As if the border wasn’t there
As the United Kingdom drifts towards a hard Brexit, the media are strangely quiet about the significance of the Common Travel Area (CTA) between the UK and the Republic of Ireland. Under this longstanding arrangement, which ought to continue even if the UK leaves the EU without a deal, all British citizens who were born in the UK have the right to live, work, receive health care, access education and vote in Ireland, and Irish citizens enjoy the reciprocal rights in the UK.
One of the main political drivers of the Leave campaign three years ago was the idea that the UK would be able to control immigration from EU countries after Brexit. No one mentioned the exception of Ireland, perhaps because they were selling an ideal rather than grappling with the detail.
I first travelled to the Republic in 1969, without a passport or any sort of identity document. I was one of the hundreds of thousands of people each year who have been freely crossing back and forth since Irish independence in 1922. The newly formed Irish Free State agreed with the residual British government not to impose border checks: instead, they would co-operate, enforcing one another’s decisions on immigration status.
The arrangement was suspended during the Second World War, but cross-border co-operation was preserved with a series of fudges. The Republic remained neutral, but thousands of Irishmen sailed in the British merchant navy, and thousands more enlisted to fight in British uniform. The ‘Donegal Corridor’ allowed Allied aircraft to overfly a corner of the Republic, and Allied aircrew who crashed in the Republic were allowed to cross the border and return to active service. Bodies of dead Allied airmen were returned with full military honours.
Since 1945, the British and Irish governments have tried to harmonise their legislation without letting it seem that they are submitting to the wishes of a foreign power. Meanwhile, their citizens have acted as if the border wasn’t there, crossing and recrossing the Irish Sea to work, play and live. The problems might have been reduced when both countries joined the EEC on 1 January 1973, had it not been for the security pressures of the Troubles.
At the height of militarisation in the 1980s I sat amazed in a Ford Fiesta at a border checkpoint in the ‘Bandit Country’ of South Armagh, while my Irish friend insisted to an armed soldier that we would not produce identification because we did not need to. Eventually we were waved through the chicane of blast walls. ‘It’s all symbolic anyway,’ my friend said, ‘they will have checked the number plate from the control tower miles back, and photographed the occupants. They know damn well who I am and who is with me.’

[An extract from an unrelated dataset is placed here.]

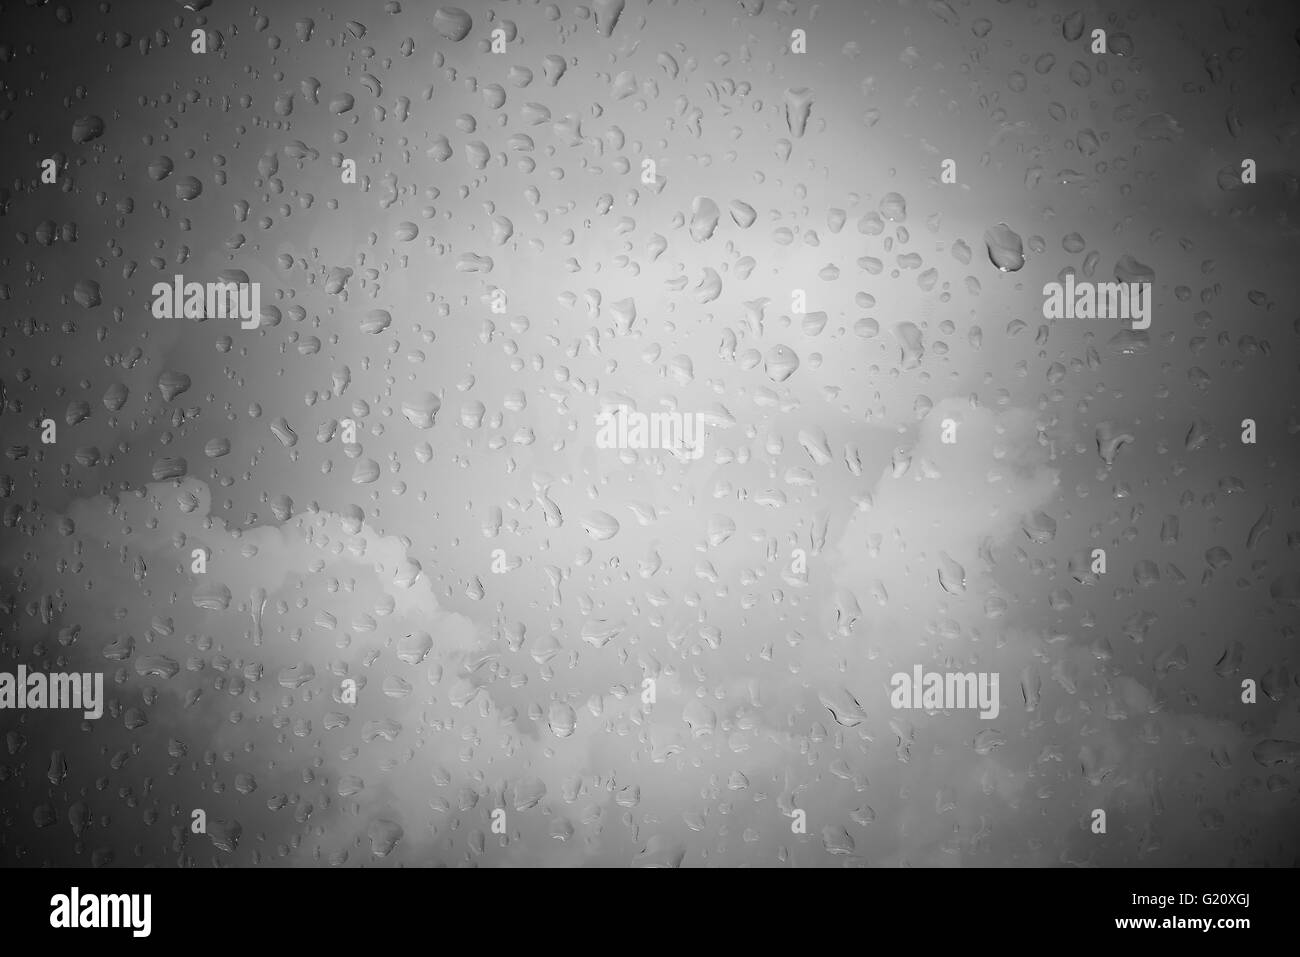 Regen-Tropfen mit bewölktem Himmel in schwarz / weiß, Konzept für Traurigkeit Stockfoto

The 1998 Good Friday Agreement reinforced the rights of Irish people to live in either polity. Since then our politicians have muddled on, protecting the principle of the CTA, aware that any alternative arrangement would produce a social and political disaster to dwarf the Windrush scandal. In 2011, the two governments signed a ‘Joint Agreement … regarding co-operation on measures to secure the external Common Travel Area border’.
After the 2016 referendum, I worried that the freedoms of the CTA might be lost, and prepared myself to follow Gina Miller to the High Court to defend the rights I had before 1973. Bipartite negotiations about reciprocal citizens’ rights seemed to be dragging behind the constant arguments about tariffs and the movements of goods. It took the murder of Lyra McKee to jolt the governments into action. The British-Irish Intergovernmental Conference (set up by the Good Friday Agreement) met on 8 May and signed a Memorandum of Understanding to confirm that the reciprocal rights of the CTA would be continued.
‘Whatever the terms of the UK’s exit from the EU,’ Theresa May’s deputy, David Lidington, said, ‘there will be no change to the rights of British and Irish citizens.’ As he was speaking, I was travelling to and from the Republic with only my UK driving licence for identification.
Critics worry that the Memorandum of Understanding has no status in law, but for nearly ninety years the CTA has relied on goodwill and common sense as much as law. As things stand, I estimate that 55 million British citizens have the right to live, work and vote in the Republic of Ireland, and four million Irish citizens have reciprocal rights in the UK. And if anyone tries to change that, I still have the option of the High Court.